Bryan Doss

Posted on Jul 17, 2024

Adding Web Scraping and Google Search to AWS Bedrock Agents

#docker #typescript #aws #ai

Motivation

After all of the AWS product announcements at the NYC Summit last week, I wanted to start testing out AWS Bedrock Agents more thoroughly for myself. Something clients often ask for is the ability for their LLM workflows to have access to the web.

There is a web scraper example from AWS that covers this, but I wanted to make a version for NodeJS in TypeScript. I also wasn't happy with the Google search capability relying on web scraping, so I swapped it out for the Google custom search API. My solution will also be making use of the AWS CLI and Docker images to make things more consistent.

Overview

(GitHub project available at end of article)

Prerequisites:

AWS CLI (v2)
Docker
NodeJS 20.x
AWS Account
Google Custom Search API Key

What we want to do is create a Bedrock agent and attach an action group with a Lambda function that can be called by the agent to perform google searches and scrape web content. We'll accomplish this by defining a Lambda function using Docker and then attaching that function to the agent.

Tasks:

Write function(s) to perform web scraping and Google search
Build Docker image to test functions locally
Deploy Docker image to AWS ECR
Creating Lambda function using ECR image as source
Set up IAM roles/permissions
Create Bedrock agent to use new Lambda function

Creating the Lambda function

Let's start by defining a Lambda function using Docker.

Why use Docker? Usually, I deploy Lambda-based apps using AWS SAM but I wanted to try something different this time. Plus docker images are easier to test with locally (in my experience).

We'll start by following the AWS documentation for deploying a Typescript on NodeJS container image.

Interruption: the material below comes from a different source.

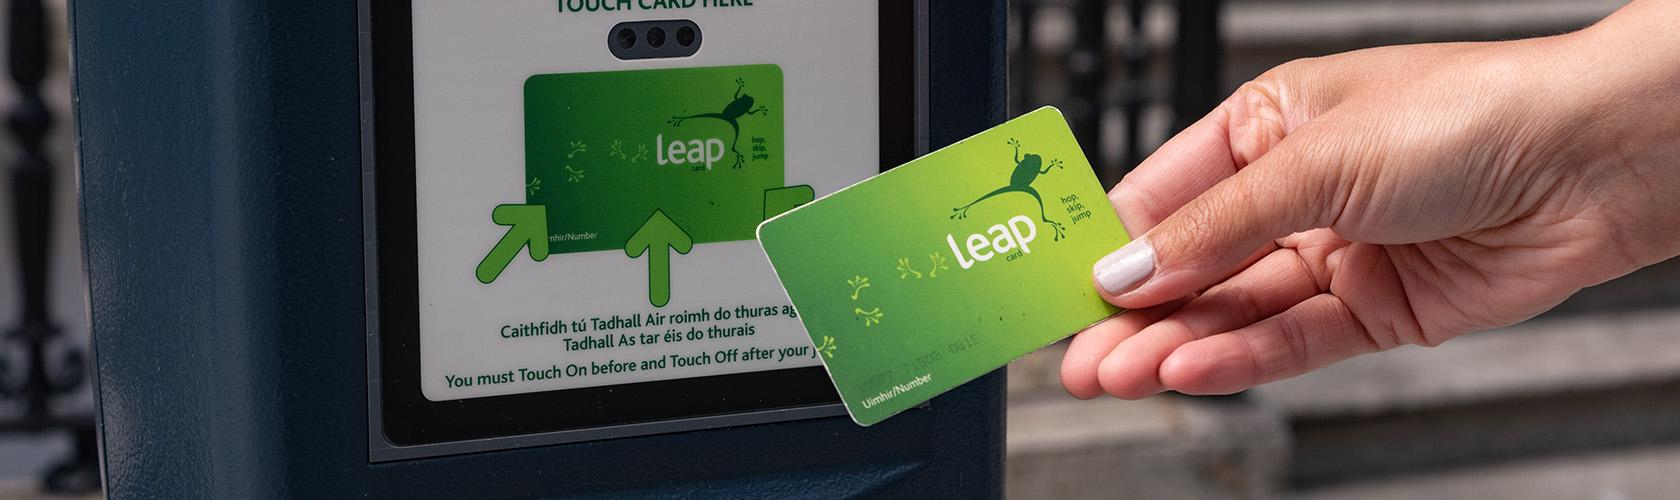 Leap Card – de OV chipkaart van Dublin

I encourage you to read the AWS docs, but this is what we're going to do to get started (I'm using Node 20.x):



npm init
npm install @types/aws-lambda esbuild --save-dev 
npm install @types/node --save-dev
npm install typescript --save-dev

Let's also install cheerio since we'll need it for web scraping later:



npm install cheerio

Then add a build script to the package.json file:



...
"scripts": {
  "build": "esbuild index.ts --bundle --minify --sourcemap --platform=node --target=es2020 --outfile=dist/index.js"
}
...

Create a Dockerfile. I modified the example Dockerfile from AWS to use the nodejs20 as base:



FROM public.ecr.aws/lambda/nodejs:20 as builder
WORKDIR /usr/app
COPY package.json ./
RUN npm install
COPY index.ts ./
RUN npm run build

FROM public.ecr.aws/lambda/nodejs:20
WORKDIR ${LAMBDA_TASK_ROOT}
COPY --from=builder /usr/app/dist/* ./

CMD ["index.handler"]

Great, now create an index.ts. Here's the placeholder index.ts provided by AWS and is good for testing our setup:



import { Context, APIGatewayProxyResult, APIGatewayEvent } from 'aws-lambda';

export const handler = async (event: APIGatewayEvent, context: Context): Promise<APIGatewayProxyResult> => {
    console.log(`Event: ${JSON.stringify(event, null, 2)}`);
    console.log(`Context: ${JSON.stringify(context, null, 2)}`);
    return {
        statusCode: 200,
        body: JSON.stringify({
            message: 'hello world',
        }),
    };
};

Build and run the container (name it whatever you like, I used bedrock-scraper:latest):



docker build --platform linux/amd64 -t bedrock-scraper:latest .
docker run --platform linux/amd64 -p 9000:8080 bedrock-scraper:latest

If we did everything properly we should be able to invoke the function and get our test result:



curl "http://localhost:9000/2015-03-31/functions/function/invocations" -d '{}'

And we should see:



{"statusCode":200,"body":"{\"message\":\"hello world\"}"}%

Everything's working well! Now we can start writing the "functions" that our agent will eventually use.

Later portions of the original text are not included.